= INSTRUCTIONS TO FOLLOW =
Word for word, copy the line that contains "Yahoo!不動産 おうちマガジン記事に「宮の沢の家」が紹介されています。" and each line after it in the data below. Pictures stay out of the copy.

= RECORDS SHOWN =
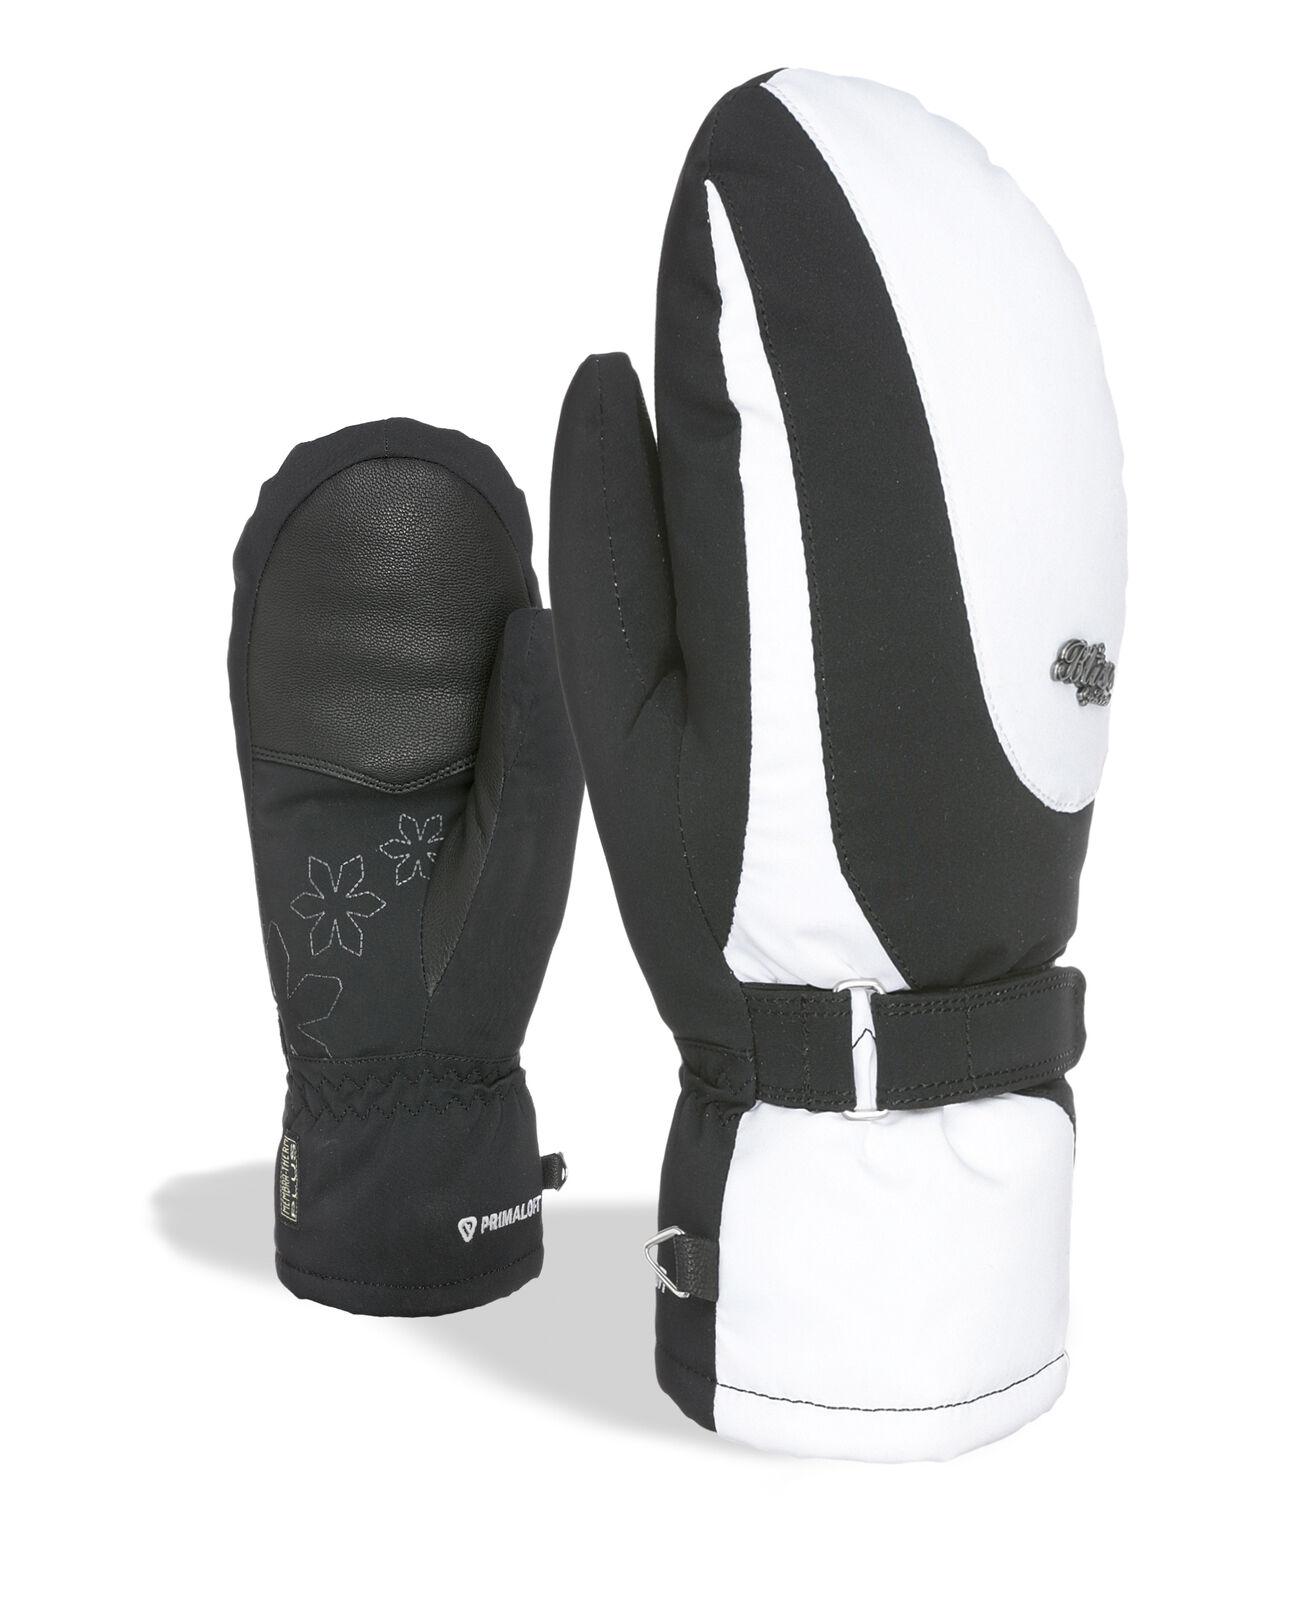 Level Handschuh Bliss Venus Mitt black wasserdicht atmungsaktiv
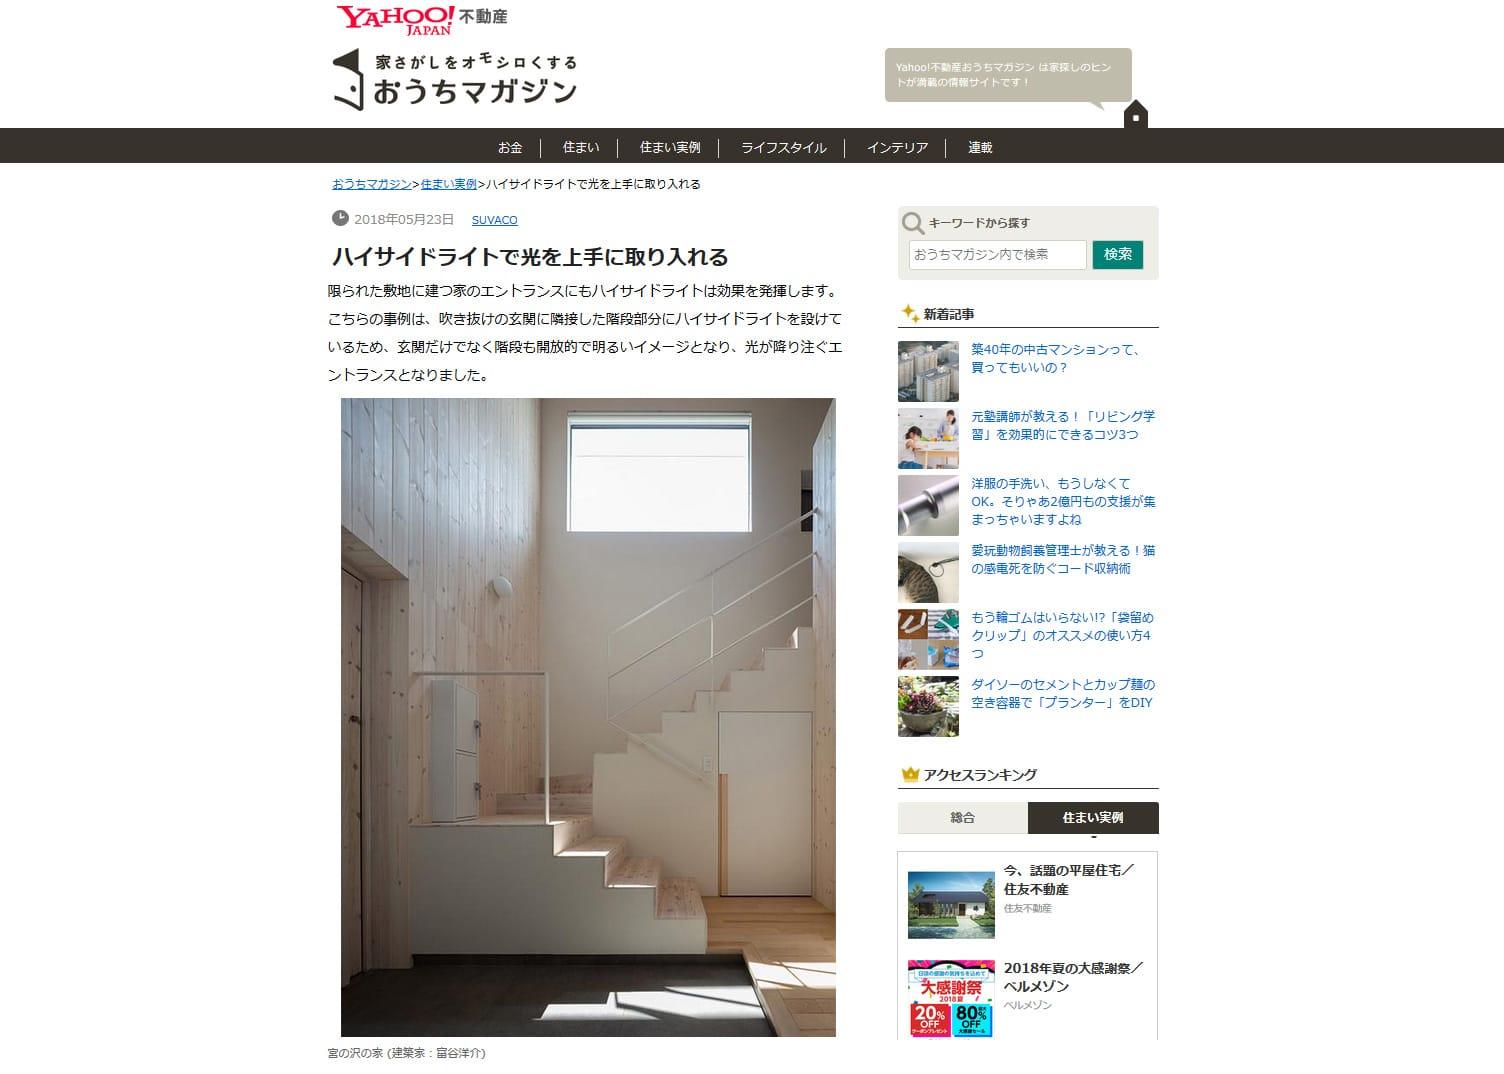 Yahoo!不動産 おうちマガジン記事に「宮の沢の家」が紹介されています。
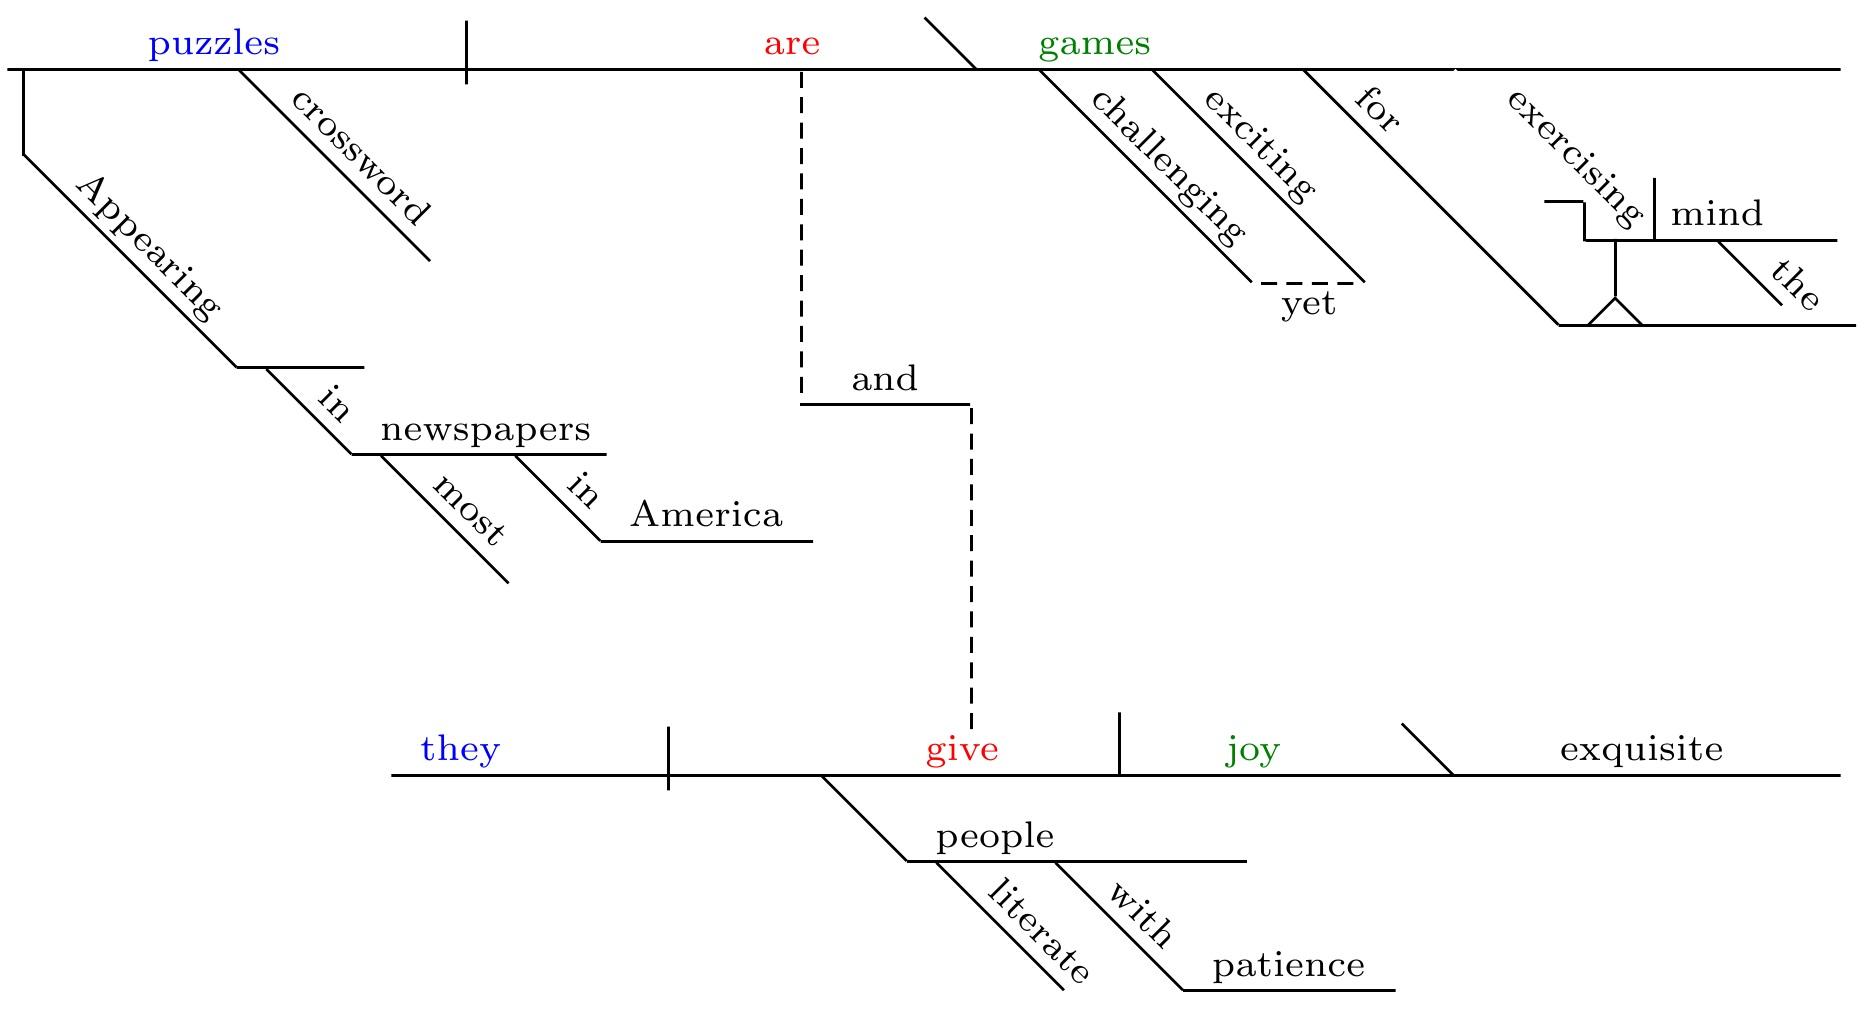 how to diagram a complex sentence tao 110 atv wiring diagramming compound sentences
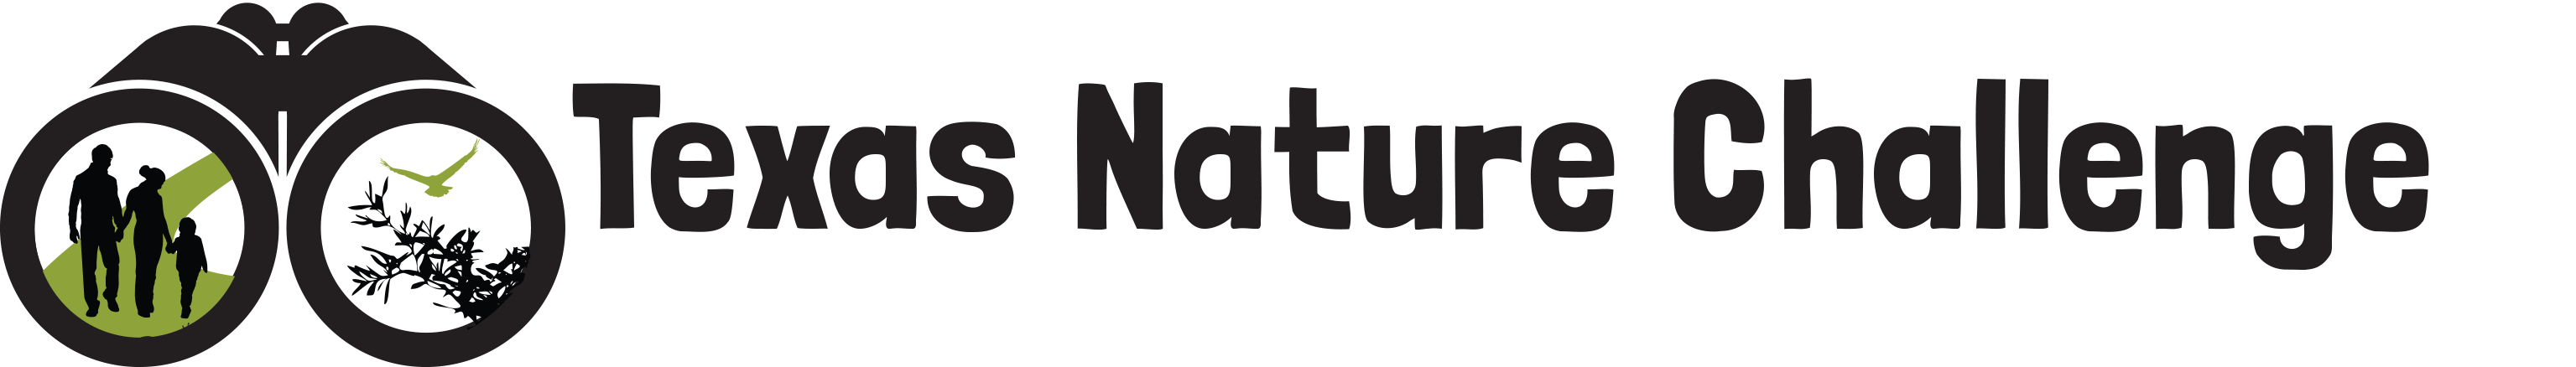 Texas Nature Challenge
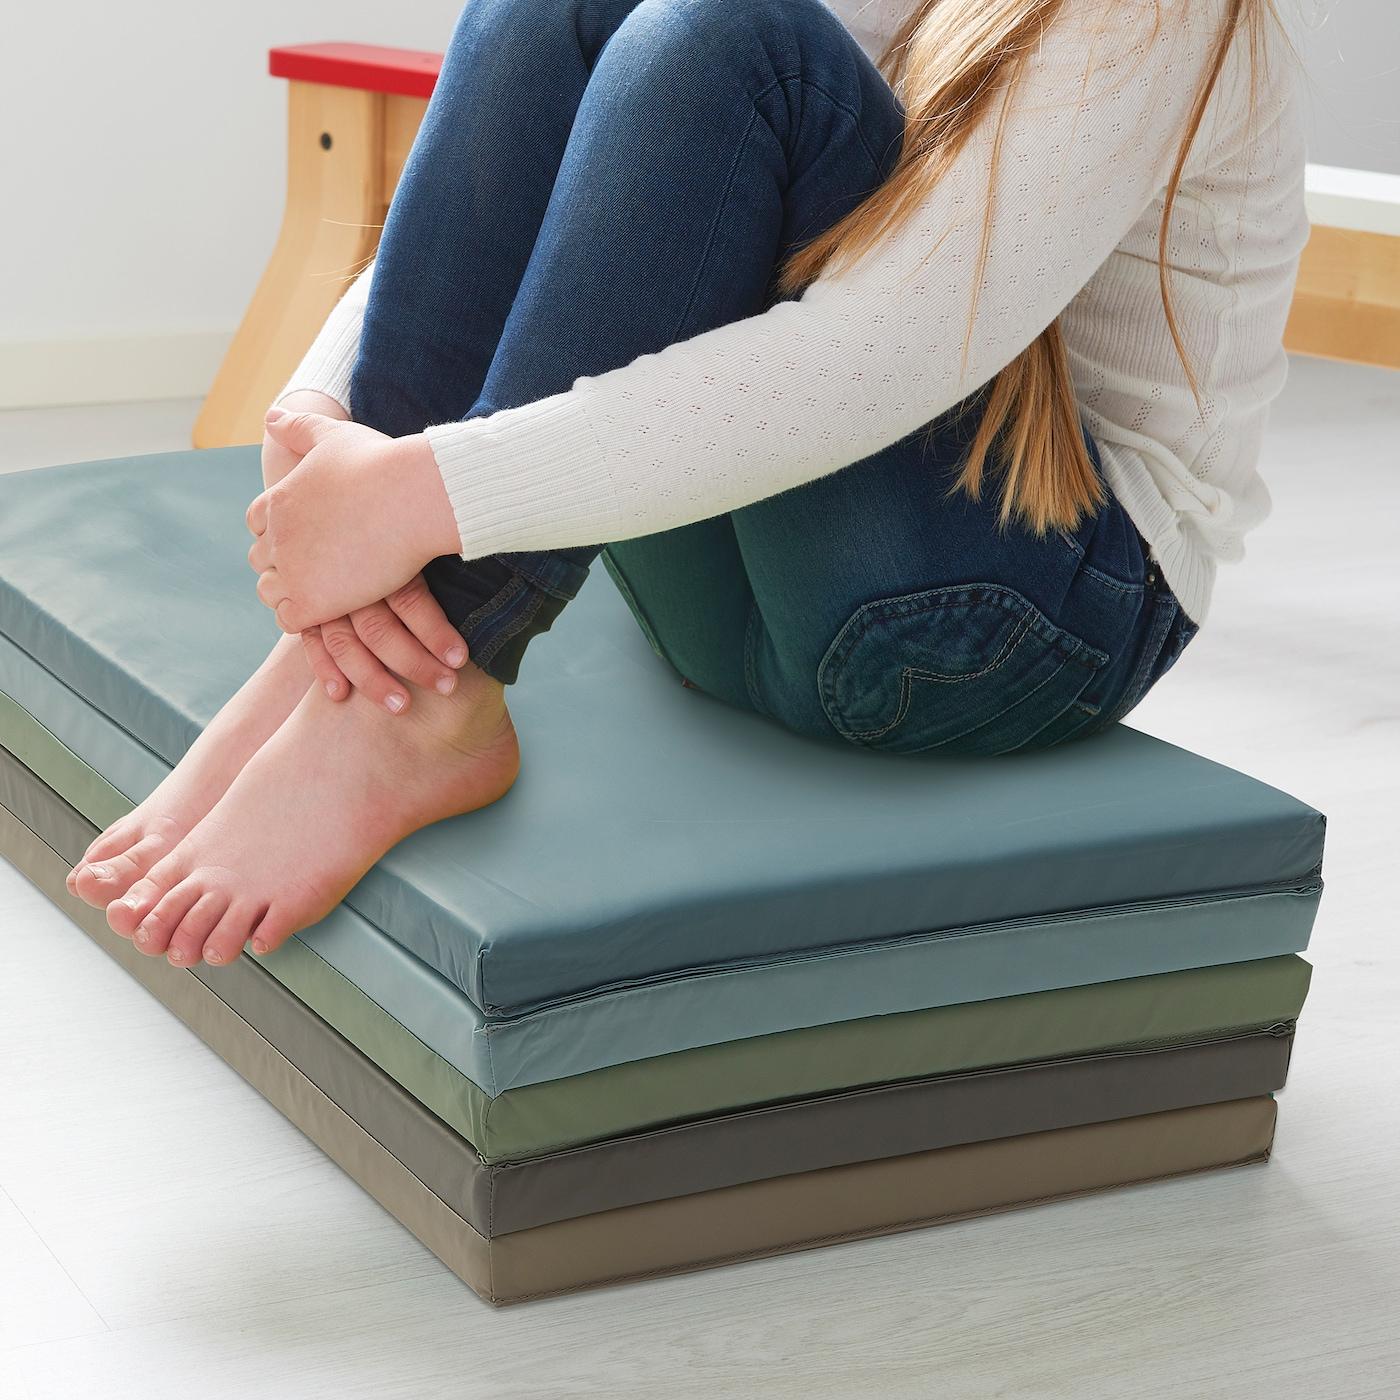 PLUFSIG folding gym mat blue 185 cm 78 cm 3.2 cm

= ANSWER BELOW =
 Yahoo!不動産 おうちマガジン記事に「宮の沢の家」が紹介されています。
 how to diagram a complex sentence tao 110 atv wiring diagramming compound sentences
 Texas Nature Challenge
 PLUFSIG folding gym mat blue 185 cm 78 cm 3.2 cm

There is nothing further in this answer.